The New Protectionism
This article is from the archive of The New York Sun before the launch of its new website in 2022. The Sun has neither altered nor updated such articles but will seek to correct any errors, mis-categorizations or other problems introduced during transfer.
When historians look back on our current time, what are they going to conclude signaled the end of our current economic expansion, one of the greatest in the history of America? We’re starting to have the feeling that they are going to date it with the accession of the Democratic Party via the 110th Congress. That is certainly the portent in the latest dashed hope of the Bush administration, a plan to adjust, if only modestly, a rule that hurts American airline passengers by barring international investment and involvement.
The rule bars non-citizens from owning greater than a 25% voting share in any domestic airline and requires that the top executives and a majority of the boards of these airlines be American. The federal secretary of transportation, Mary Peters, announced yesterday that her department was withdrawing a proposal to change the rule.
“It was clear from reviewing the comments that the Department needs to do more to inform the public, labor groups and Congress about the benefits of allowing more international investment,” Ms. Peters said in a statement. The AFLCIO promptly hailed the Bush administration’s surrender as a victory, crediting “strong and unified opposition from America’s transportation unions.” What it really means is that at a moment when America’s air carriers need all the capital they can muster, the Congress is a roadblock to their raising capital.
Nor is this an isolated case. Congress last month failed to pass a trade deal with Vietnam, in part because Democrats opposed it. The Democrats don’t seem to be talking about putting President Bush’s expansion of legal immigration at the top of their congressional agenda, though the right way to view the campaign against immigration is as part of the new protectionism. Or to put it another way, the instinct to protectionism isn’t only a Democratic fault. It has its adherents in the Republican right wing. But it is the Democrats who have become the primary purveyors of the new protectionism.
The irony is clear. The Democrats are up on their high horses at the moment over Ambassador Bolton.
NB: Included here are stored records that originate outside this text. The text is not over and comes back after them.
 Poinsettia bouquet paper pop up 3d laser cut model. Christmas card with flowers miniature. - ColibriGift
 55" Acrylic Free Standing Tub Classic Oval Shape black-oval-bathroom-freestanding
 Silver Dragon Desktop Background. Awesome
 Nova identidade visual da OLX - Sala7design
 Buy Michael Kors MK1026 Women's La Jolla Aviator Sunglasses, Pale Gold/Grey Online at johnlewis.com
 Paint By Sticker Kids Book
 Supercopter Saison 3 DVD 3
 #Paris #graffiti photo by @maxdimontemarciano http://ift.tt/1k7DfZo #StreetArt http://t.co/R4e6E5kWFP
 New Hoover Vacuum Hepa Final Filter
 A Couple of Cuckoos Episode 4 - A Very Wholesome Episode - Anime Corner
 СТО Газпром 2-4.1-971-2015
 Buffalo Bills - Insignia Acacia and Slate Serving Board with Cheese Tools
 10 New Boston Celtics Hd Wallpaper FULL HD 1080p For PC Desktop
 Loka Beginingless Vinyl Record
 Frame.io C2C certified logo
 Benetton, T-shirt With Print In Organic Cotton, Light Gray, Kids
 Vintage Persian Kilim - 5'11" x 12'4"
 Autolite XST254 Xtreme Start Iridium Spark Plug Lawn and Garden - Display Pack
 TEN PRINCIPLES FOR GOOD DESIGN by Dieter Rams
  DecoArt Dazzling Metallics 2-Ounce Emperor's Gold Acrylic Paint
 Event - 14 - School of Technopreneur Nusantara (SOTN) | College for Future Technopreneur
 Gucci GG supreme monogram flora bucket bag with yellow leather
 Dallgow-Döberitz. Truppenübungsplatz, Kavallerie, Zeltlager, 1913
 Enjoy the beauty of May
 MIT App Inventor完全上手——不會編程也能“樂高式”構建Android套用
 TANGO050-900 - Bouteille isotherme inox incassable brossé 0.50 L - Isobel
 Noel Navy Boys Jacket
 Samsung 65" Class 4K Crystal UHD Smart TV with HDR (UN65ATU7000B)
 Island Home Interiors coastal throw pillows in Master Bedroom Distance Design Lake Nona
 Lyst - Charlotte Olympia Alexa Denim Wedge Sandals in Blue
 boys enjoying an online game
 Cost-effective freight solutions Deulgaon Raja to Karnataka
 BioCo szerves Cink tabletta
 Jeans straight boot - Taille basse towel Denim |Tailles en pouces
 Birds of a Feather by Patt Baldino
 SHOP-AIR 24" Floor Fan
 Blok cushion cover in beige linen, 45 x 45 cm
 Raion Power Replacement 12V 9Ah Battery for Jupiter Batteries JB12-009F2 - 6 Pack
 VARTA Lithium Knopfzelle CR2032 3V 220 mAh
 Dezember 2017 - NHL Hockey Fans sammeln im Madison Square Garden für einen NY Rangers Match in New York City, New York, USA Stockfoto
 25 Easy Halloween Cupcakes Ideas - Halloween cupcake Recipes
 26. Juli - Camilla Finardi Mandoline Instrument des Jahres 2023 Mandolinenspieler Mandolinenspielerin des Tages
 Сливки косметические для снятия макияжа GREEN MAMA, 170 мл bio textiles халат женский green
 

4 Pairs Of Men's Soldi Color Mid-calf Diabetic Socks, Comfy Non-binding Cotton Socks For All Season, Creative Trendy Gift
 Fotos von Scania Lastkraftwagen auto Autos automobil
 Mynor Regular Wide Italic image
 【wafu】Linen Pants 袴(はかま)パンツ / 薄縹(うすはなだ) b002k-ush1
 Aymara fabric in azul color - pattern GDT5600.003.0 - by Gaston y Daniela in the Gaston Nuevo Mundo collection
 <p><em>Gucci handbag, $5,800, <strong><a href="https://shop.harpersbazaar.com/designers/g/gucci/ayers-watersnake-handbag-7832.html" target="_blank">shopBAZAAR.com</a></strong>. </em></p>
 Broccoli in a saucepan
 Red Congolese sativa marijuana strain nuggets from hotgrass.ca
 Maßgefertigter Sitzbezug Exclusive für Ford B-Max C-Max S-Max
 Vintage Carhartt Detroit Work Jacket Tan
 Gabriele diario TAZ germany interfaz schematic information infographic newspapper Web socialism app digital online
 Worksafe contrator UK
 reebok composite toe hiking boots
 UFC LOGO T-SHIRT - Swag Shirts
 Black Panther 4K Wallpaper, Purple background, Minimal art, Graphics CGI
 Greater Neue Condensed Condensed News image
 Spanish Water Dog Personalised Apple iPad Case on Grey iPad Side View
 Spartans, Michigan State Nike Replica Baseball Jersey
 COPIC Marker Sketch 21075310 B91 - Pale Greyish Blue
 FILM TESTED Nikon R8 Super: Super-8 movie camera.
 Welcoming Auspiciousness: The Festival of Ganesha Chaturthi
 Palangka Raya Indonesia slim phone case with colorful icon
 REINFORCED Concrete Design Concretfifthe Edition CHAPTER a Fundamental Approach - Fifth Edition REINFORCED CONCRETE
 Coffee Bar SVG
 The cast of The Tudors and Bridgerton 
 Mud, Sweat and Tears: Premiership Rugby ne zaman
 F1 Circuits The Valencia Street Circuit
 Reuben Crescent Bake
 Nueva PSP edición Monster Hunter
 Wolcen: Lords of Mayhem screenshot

Senator Smoot Schumer — co-author with, of all people, Paul Craig Roberts of a protectionist piece in the New York Times a few years ago — averred that Mr. Bolton “seems to have a ‘go it alone’ attitude at a time when we need the nations of the world on our side.” Senator Kerry reckons Mr. Bolton “helped isolate the United States.” While this kind of malarkey is being uttered, the Democrats themselves are taking protectionist steps to wall America off. Let them go read how the prosperity of the 1920s was cast off and how the Great Depression was ushered in, opening one of the darkest chapters in our country’s history.